> **SUPPLIED INFORMATION**
#####

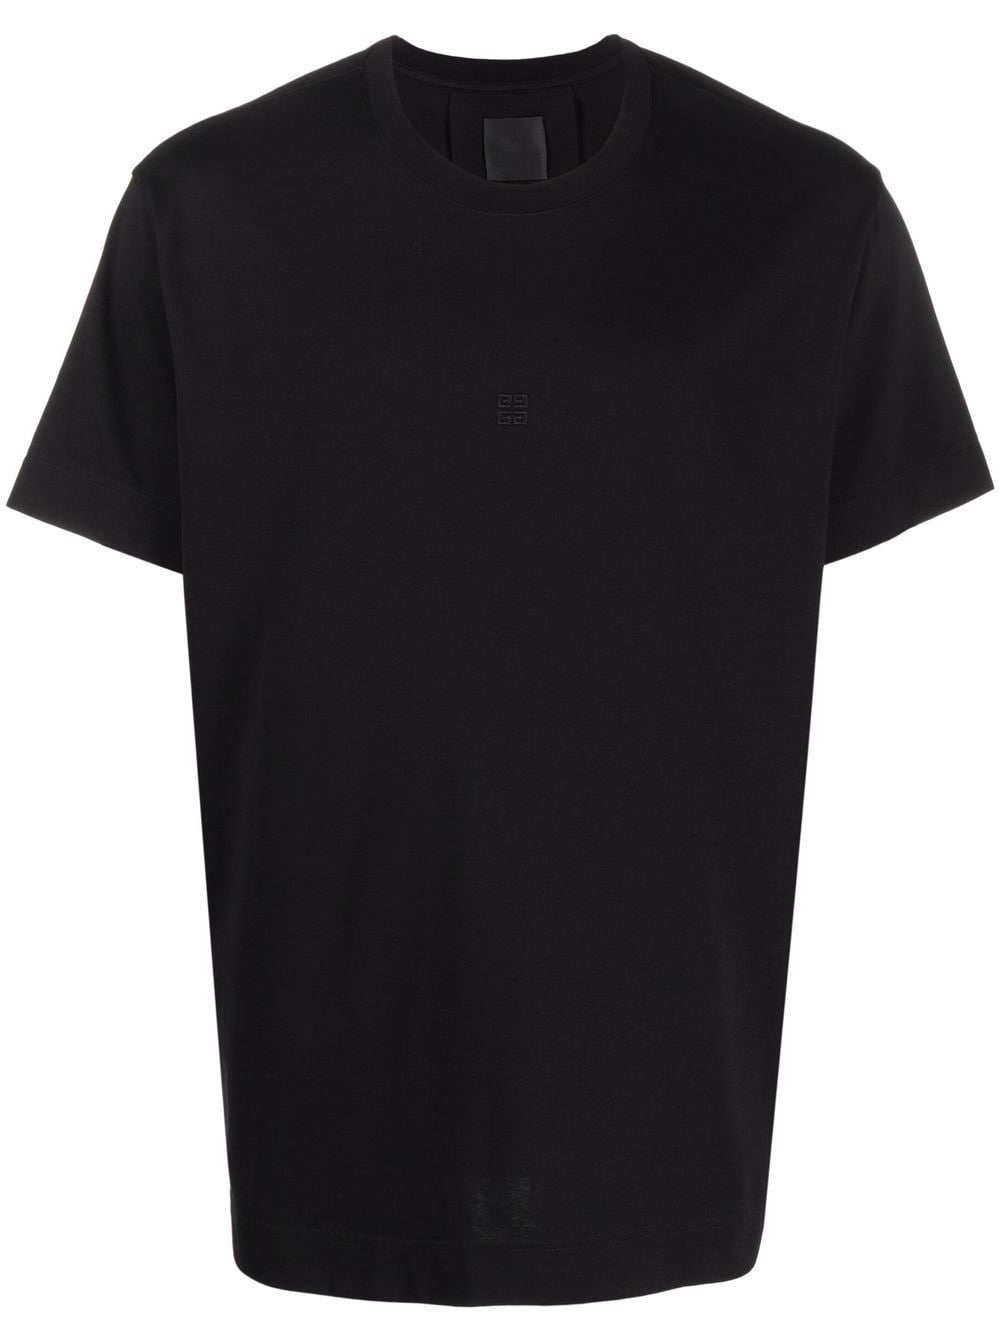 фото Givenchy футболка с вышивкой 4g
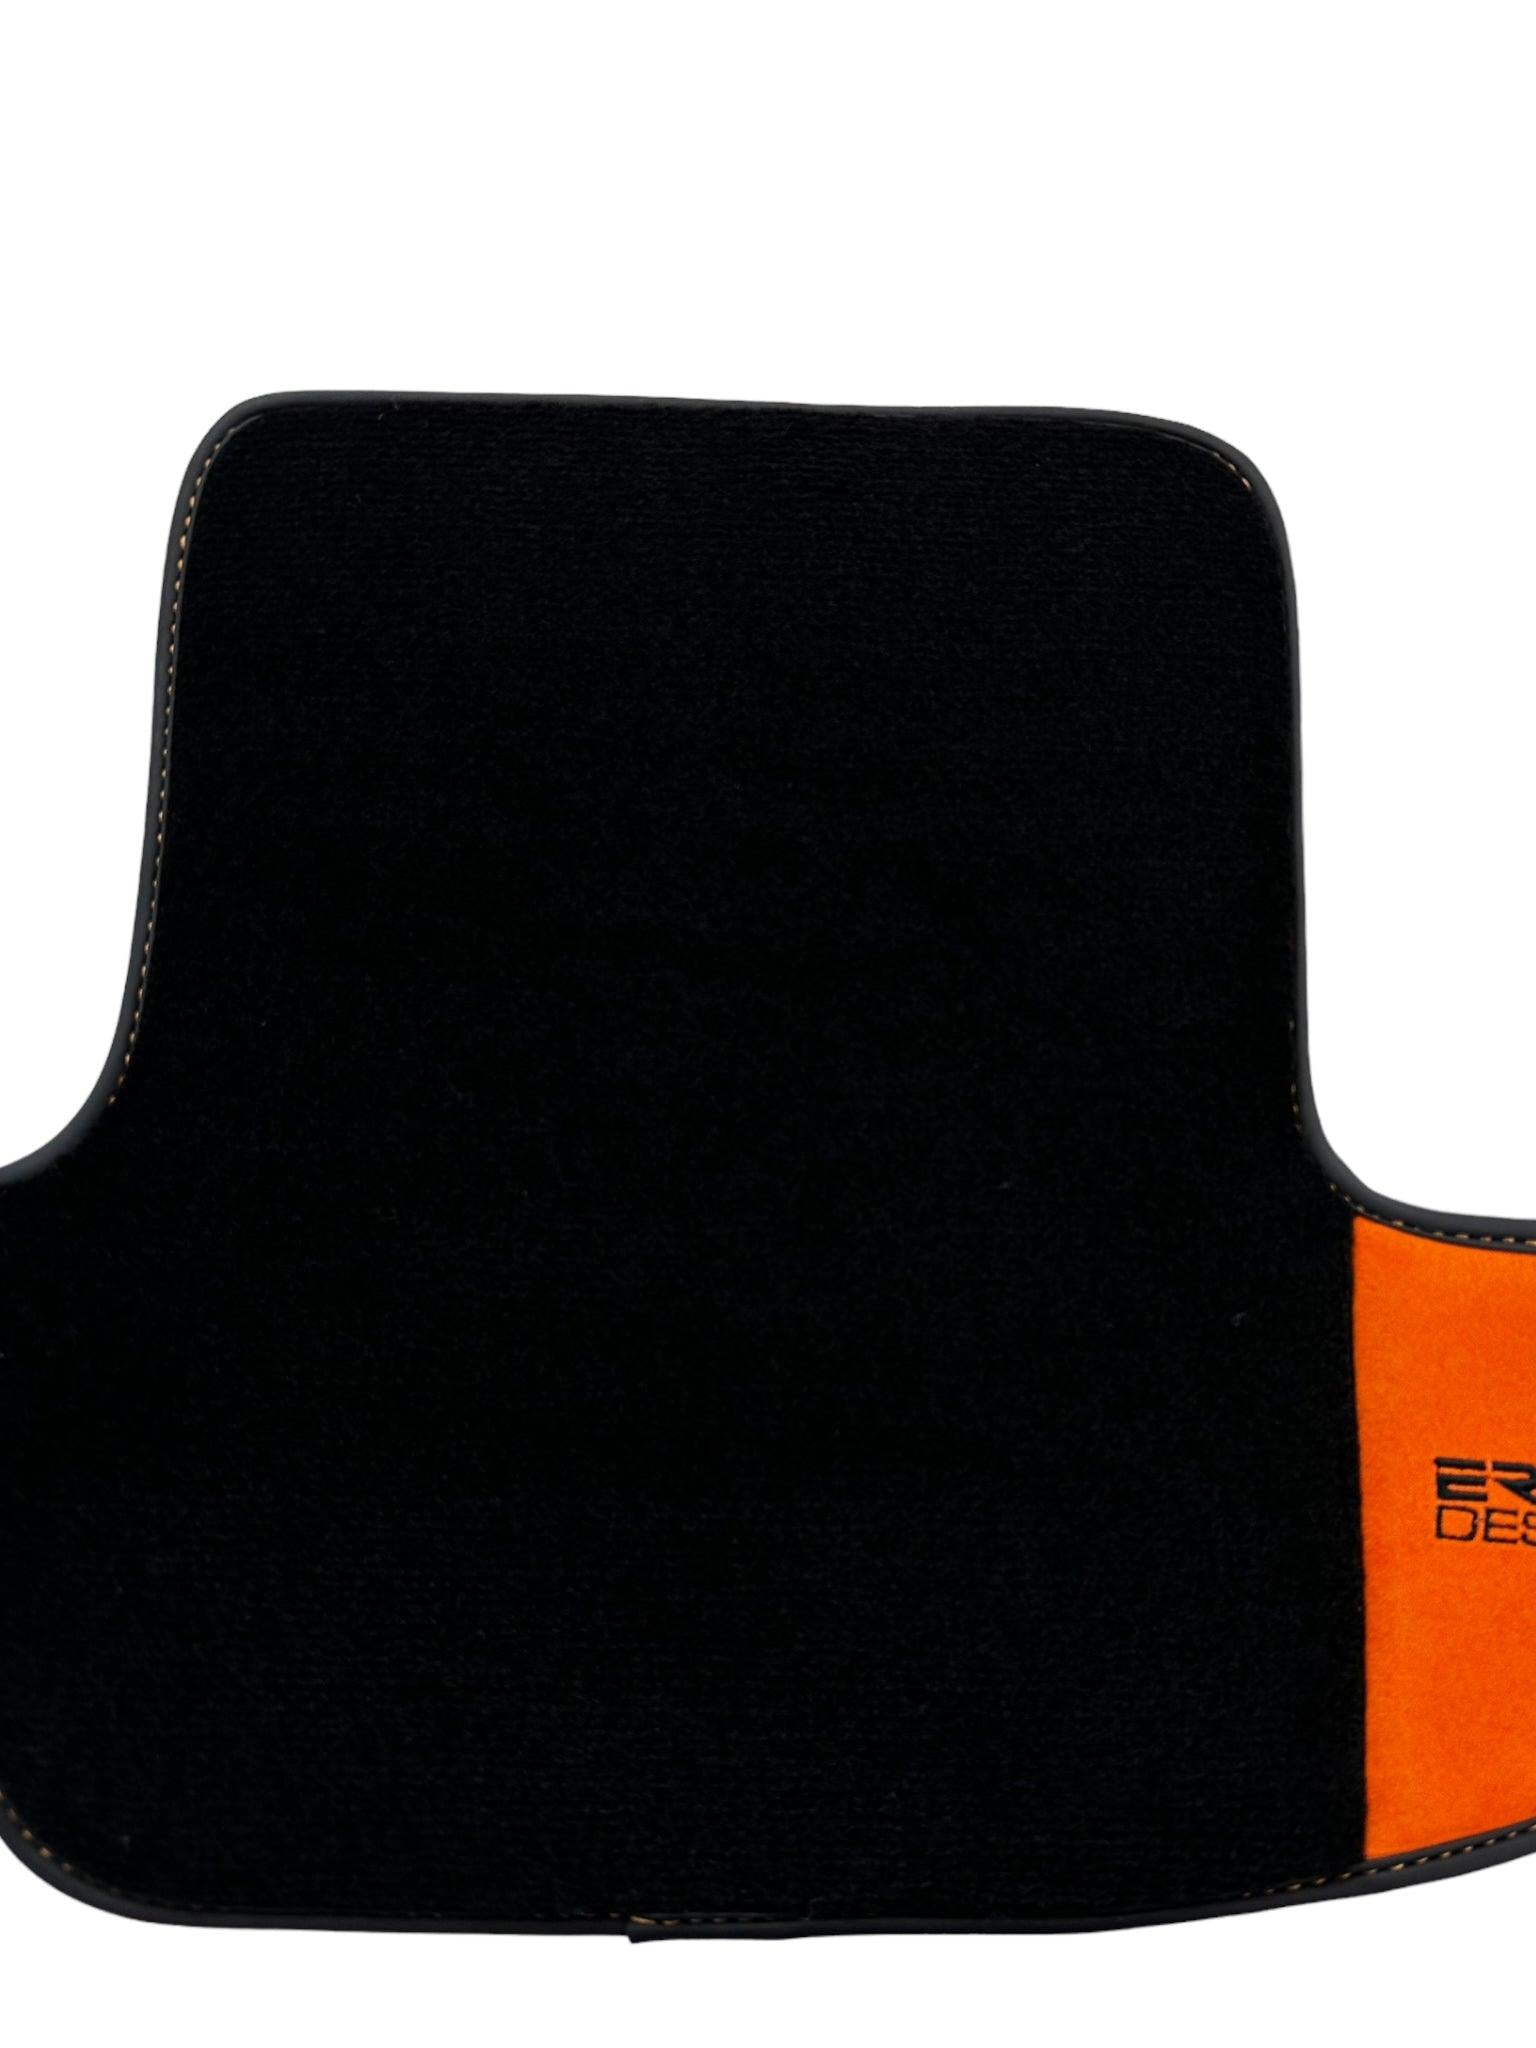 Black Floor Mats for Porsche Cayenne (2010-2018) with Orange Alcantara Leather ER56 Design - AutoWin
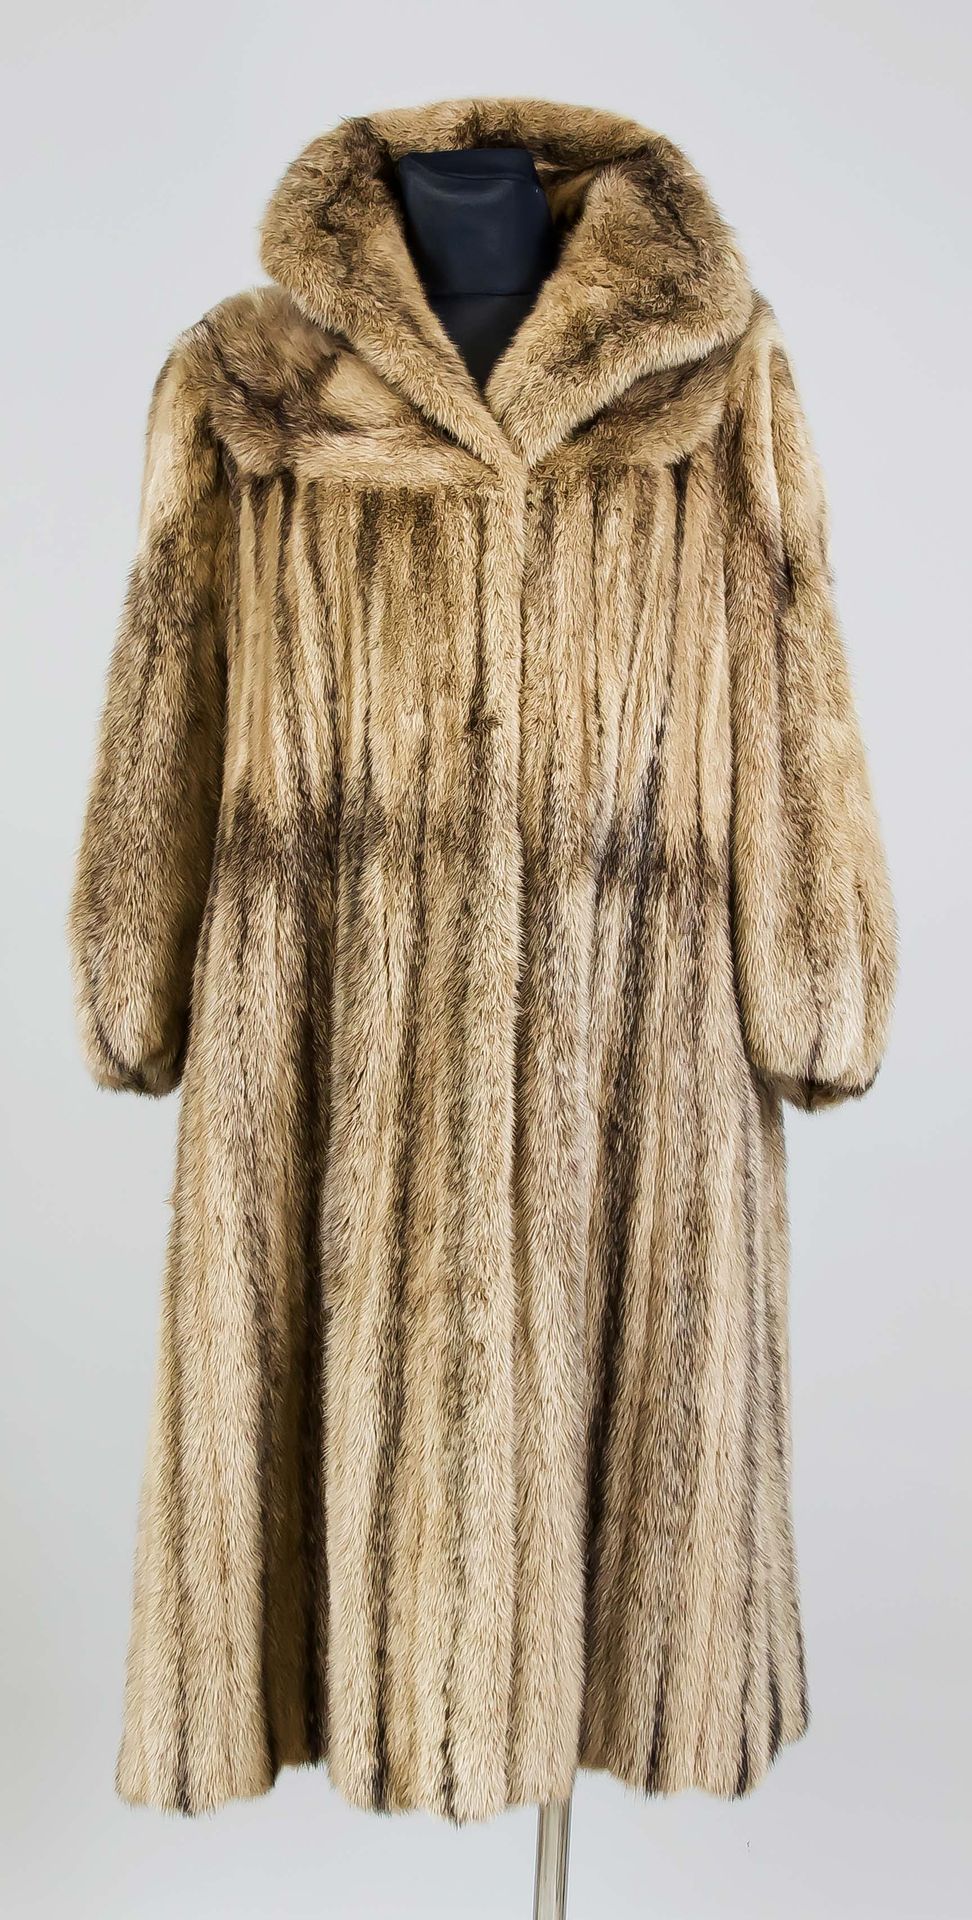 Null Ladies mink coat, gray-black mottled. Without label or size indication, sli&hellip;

#####

> **TASK ITEM**
Strip out the pictures and repeat the listing above exactly.

> **RESPONSE AREA**
 фото Givenchy футболка с вышивкой 4g
 Black Floor Mats for Porsche Cayenne (2010-2018) with Orange Alcantara Leather ER56 Design - AutoWin
 Null Ladies mink coat, gray-black mottled. Without label or size indication, sli&hellip;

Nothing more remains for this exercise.